TASK TO COMPLETE
Though the records contain pictures, copy none of them; repeat exactly the lines from the one with "HOOP IN THE" to the end.

MATERIAL SHOWN
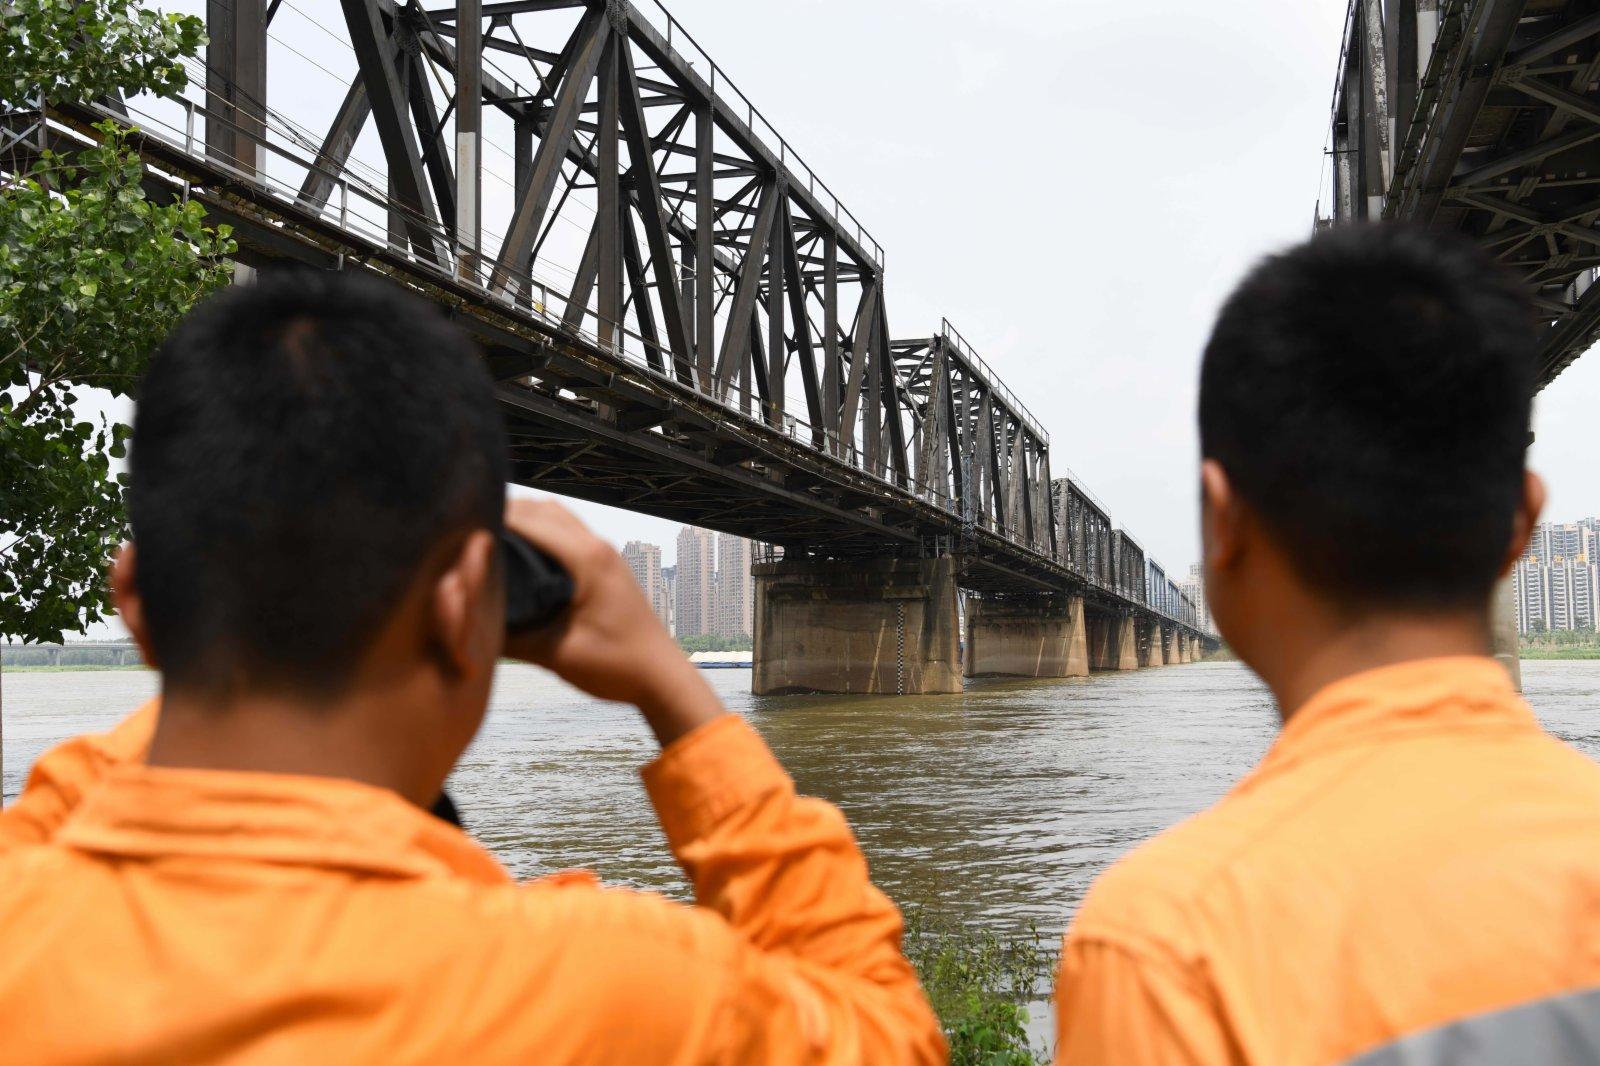 7月21日,橋隧工在觀測蚌埠淮河鐵路大橋下的淮河水位。(新華社)
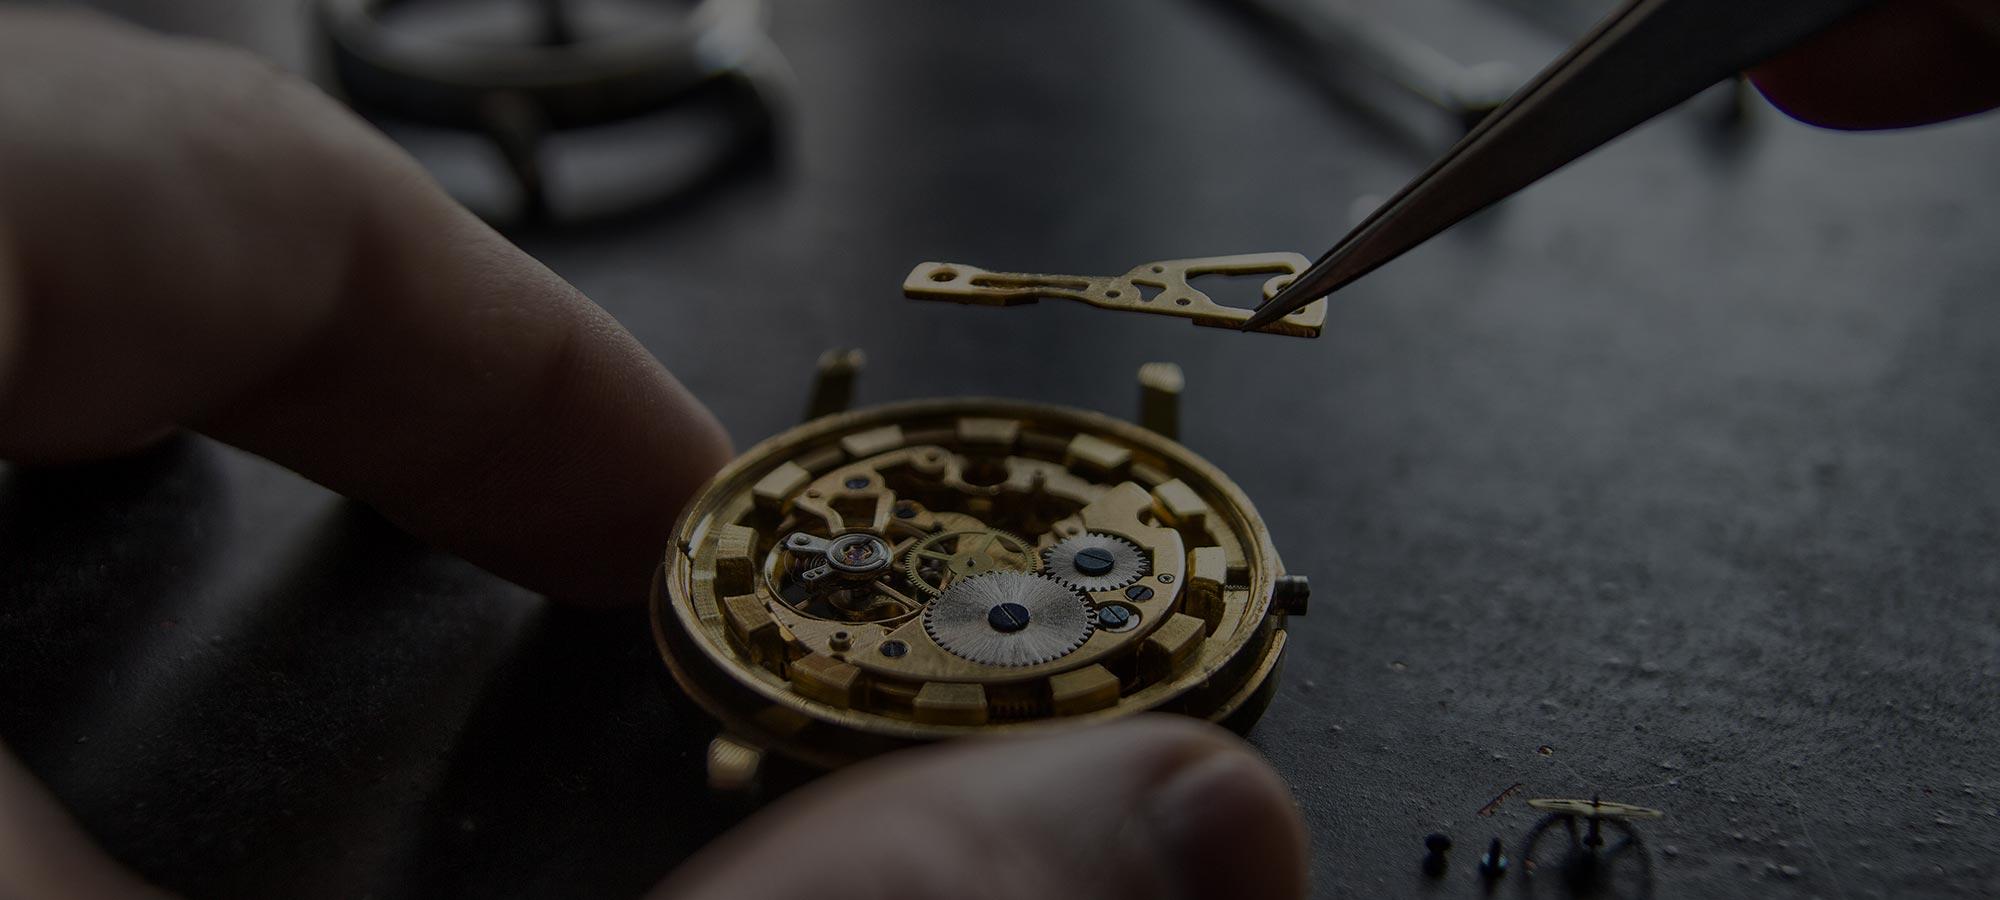 L'atelier horloger Montre Mania
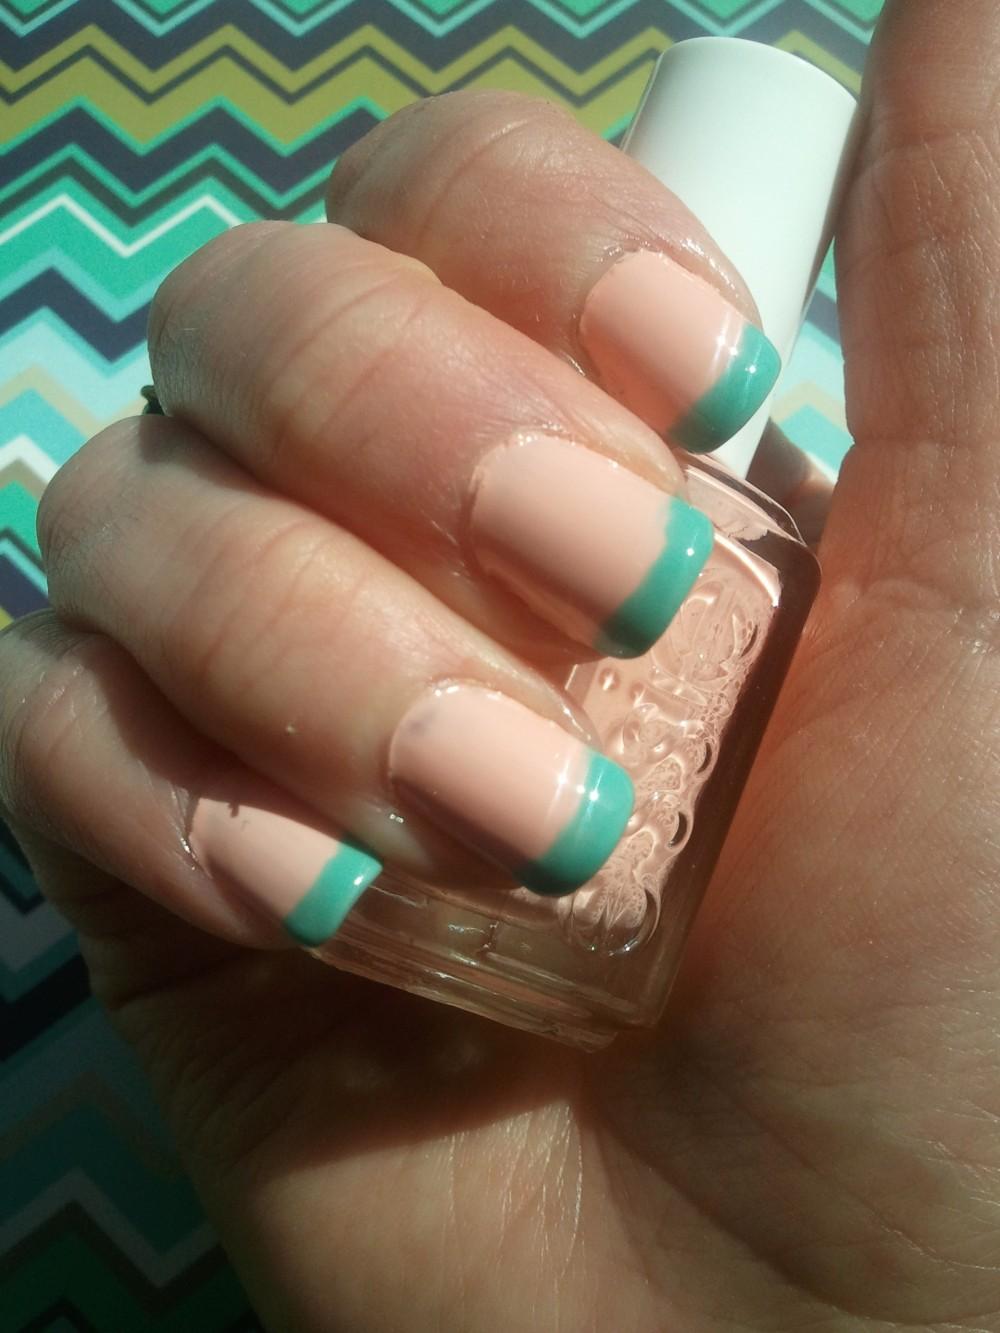 Zooey Daschanel Copy Cat nails with Essie
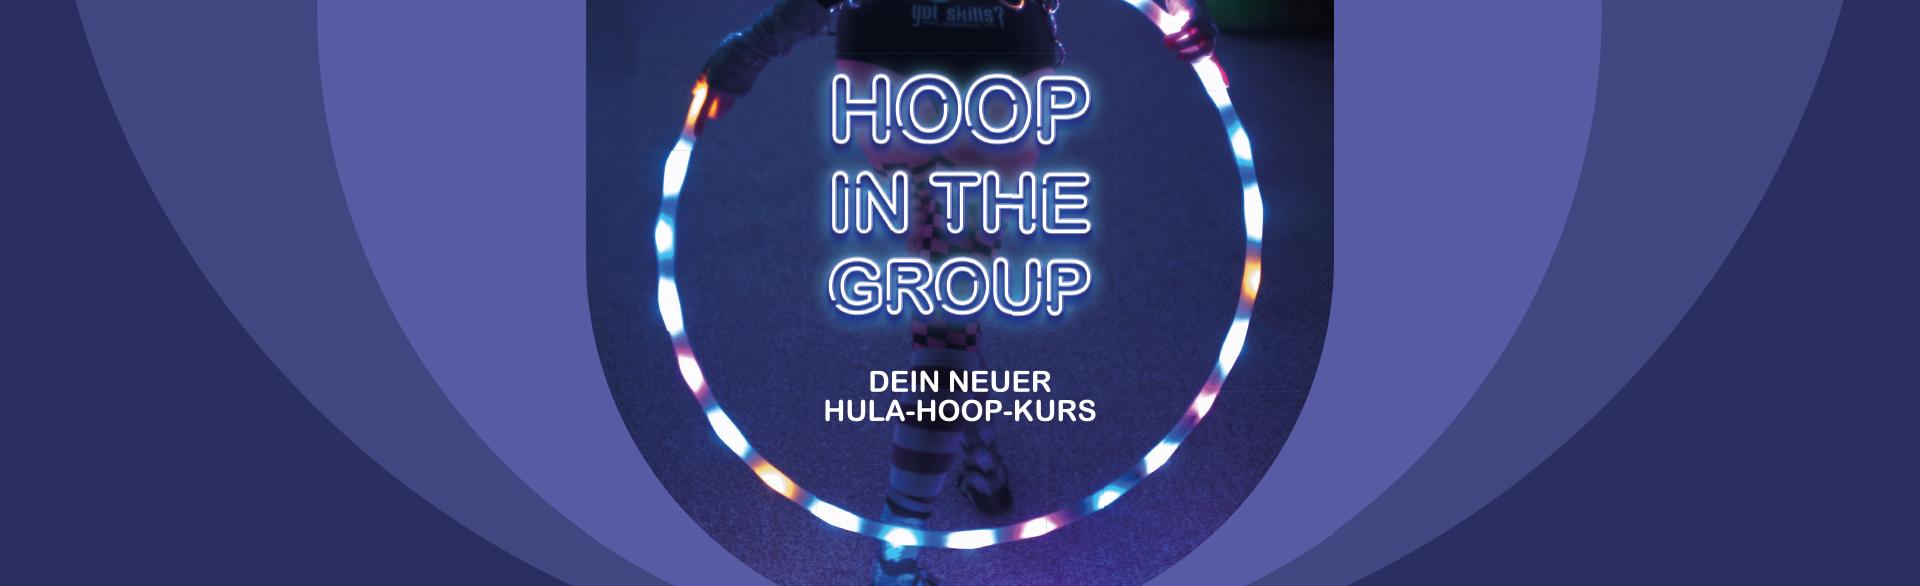 HOOP IN THE GROUP – Dein neuer Hula-Hoop-Kurs
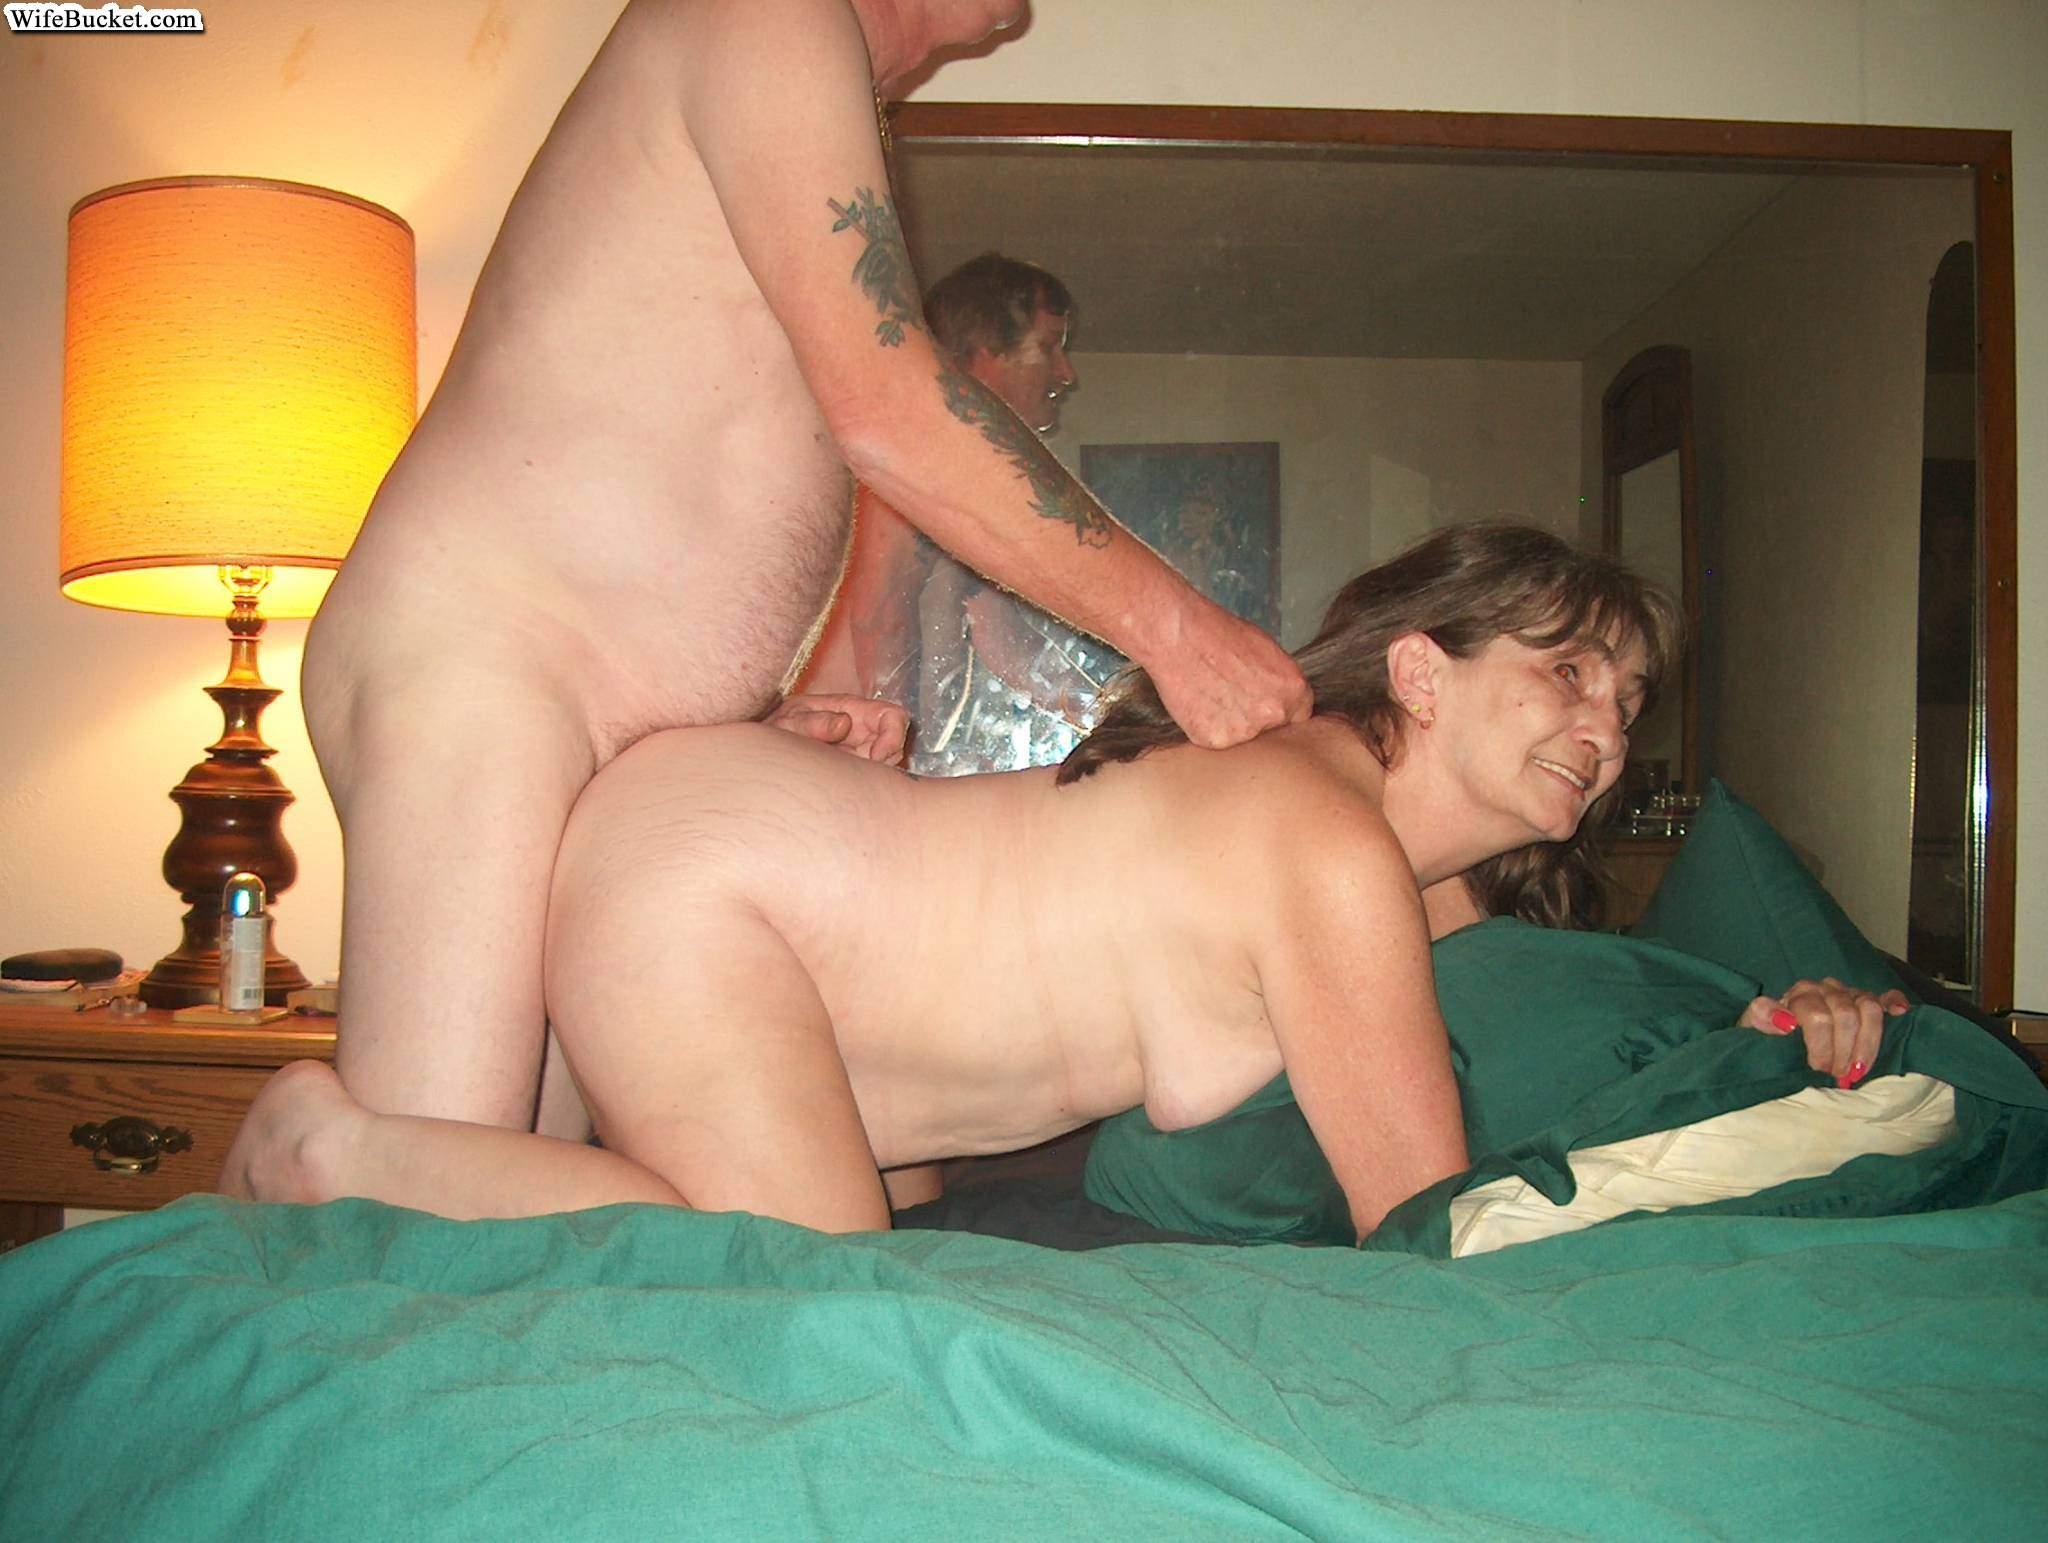 Смотреть порно с wifebucket 21 фотография

ANSWER TO THE EXERCISE
 HOOP IN THE GROUP – Dein neuer Hula-Hoop-Kurs
 Смотреть порно с wifebucket 21 фотография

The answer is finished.